Goffman defined "impression management" as a person's attempts to present an acceptable image to those around them, verbally or nonverbally. This definition is based on Goffman's idea that people see themselves as others view them, so they attempt to see themselves as whether they are outside looking in. Goffman was also committed to discovering the subtle ways humans present acceptable images by concealing information that may conflict with the images for a particular situation, such as concealing tattoos when applying for a job in which tattoos would be inappropriate, or hiding a bizarre obsession such as collecting/interacting with dolls, which society may see as abnormal.

Goffman broke from George Herbert Mead and Herbert Blumer in that while he did not reject the way people perceive themselves, he was more interested in the actual physical proximity or the "interaction order" that molds the self. In other words, Goffman believed that impression management can be achieved only whether the audience is in sync with a person's self-perception. If the audience disagrees with the image someone is presenting then their self-presentation is interrupted. People present images of themselves based on how society thinks they should act in a particular situation. This decision how to act is based on the concept of definition of the situation. Definitions are any predetermined and peoplehow they will act by choosing the proper behavior for the situation they are in. Goffman also draws from William Thomas for this concept. Thomas believed that people are born into a particular social class and that the definitions of the situations they will encounter have already been defined for them. For instance. when an individual from an upper-class background goes to a black-tie affair, the definition of the situation is that they must mind their manners and act according to their class.
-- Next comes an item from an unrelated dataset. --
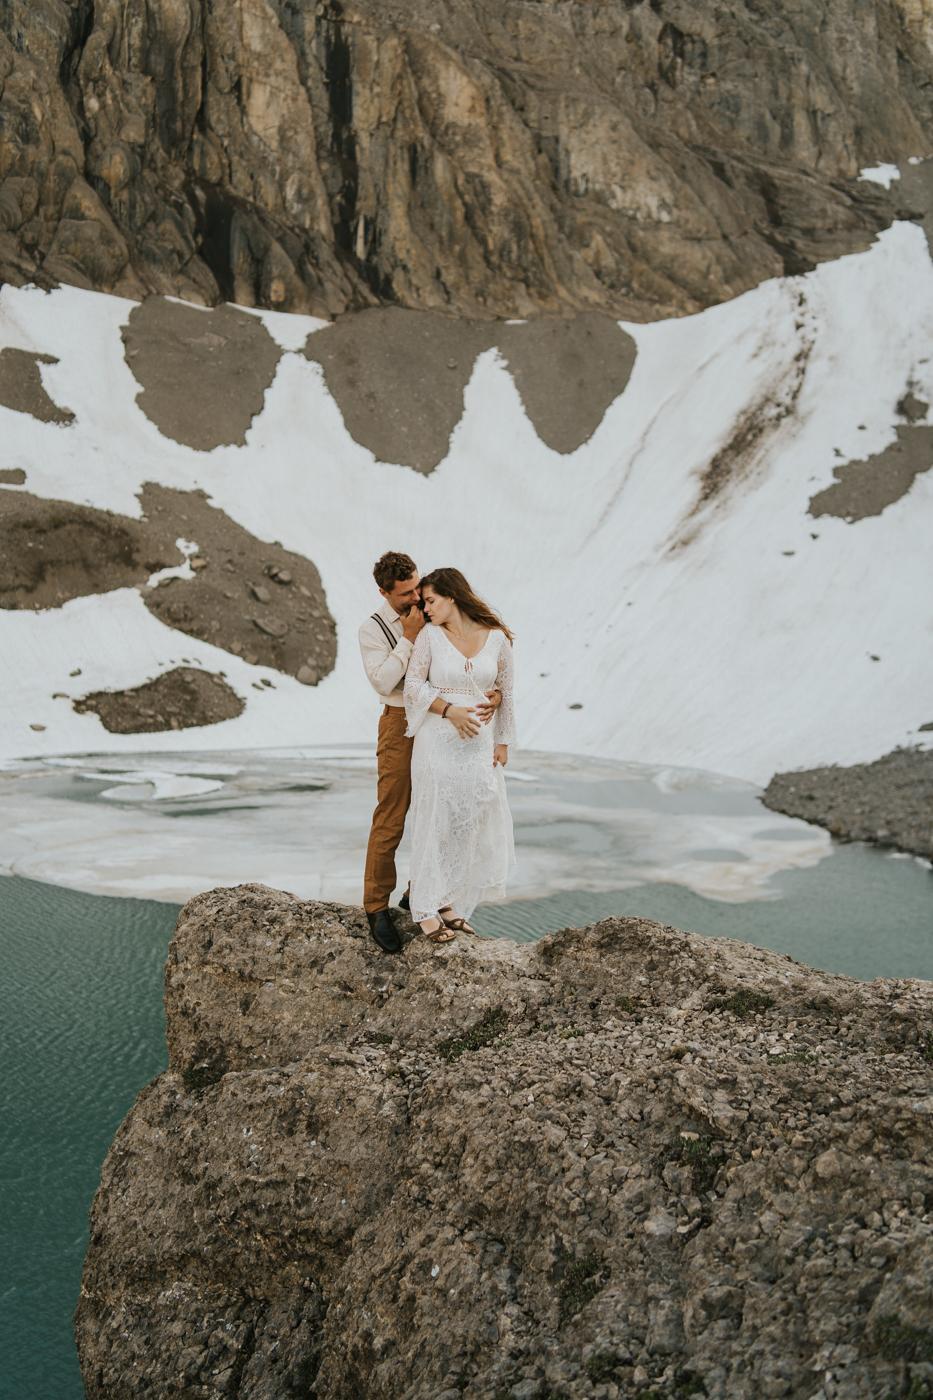 tyraephotography_photographer_wedding_elopement_engagement_photography-07797.jpg

In 2007 by The Times Higher Education Guide listed Goffman as the sixth most-cited author in the humanities and social sciences, slow Anthony Giddens and ahead of Habermas. His popularity with the general public has been attributed to his writing style, described as "sardonic, satiric, jokey", and as "ironic and self-consciously literary", and to its being more accessible than that of most academics. His variety has also been influential in academia, and is credited with popularizing a less formal quality in academic publications. Interestingly, if he is rightly so credited, he may by this means have contributed to a remodelling of the norms of academic behaviour, particularly of communicative action, arguably liberating intellectuals from social restraints unnatural to some of them.

His students included Carol Brooks Gardner, Charles Goodwin, Marjorie Goodwin, John Lofland, Gary Marx, Harvey Sacks, Emanuel Schegloff, David Sudnow and Eviatar Zerubavel.
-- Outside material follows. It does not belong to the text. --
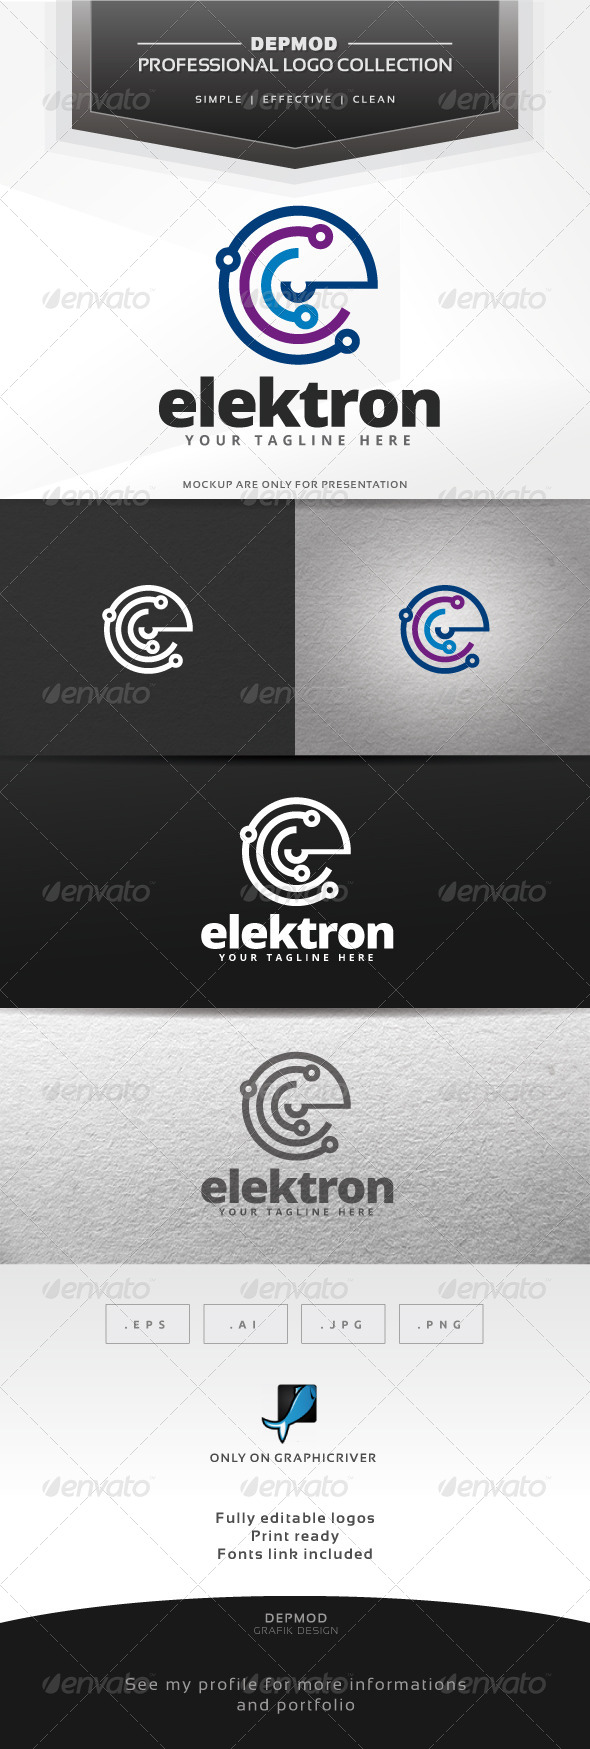 GraphicRiver Elektron Logo 6417306

Despite his influence, according to Fine and Manning there are "remarkably few scholars who are continuing his work", nor has there been a "Goffman school"; thus his affect on social theory has been simultaneously "great and modest". Fine and Manning qualifications the lack of subsequent Goffman-style research and writing to the nature of his style, which they consider very unoriented to duplicate even "mimic-proof", and also to his subjects' not being widely valued in the social sciences. Of his style, Fine and Manningthat he tends to be seen either as a scholar whose style is unoriented to reproduce, and therefore daunting to those who might wish to emulate it, or as a scholar whose work was transitional, bridging the work of the Chicago school and that of modern sociologists, and thus of less interest to sociologists than the classics of either of those groups. Of his subjects, Fine and Manning observe that the topic of behavior in public places is often stigmatized as trivial and unworthy of serious scholarly attention.

Nonetheless, Fine and Manning note that Goffman is "the most influential American sociologist of the twentieth century". Elliott and Turner see him as "a revered figure—an outlaw theorist who came to exemplify the best of the sociological imagination", and "perhaps the first postmodern sociological theorist".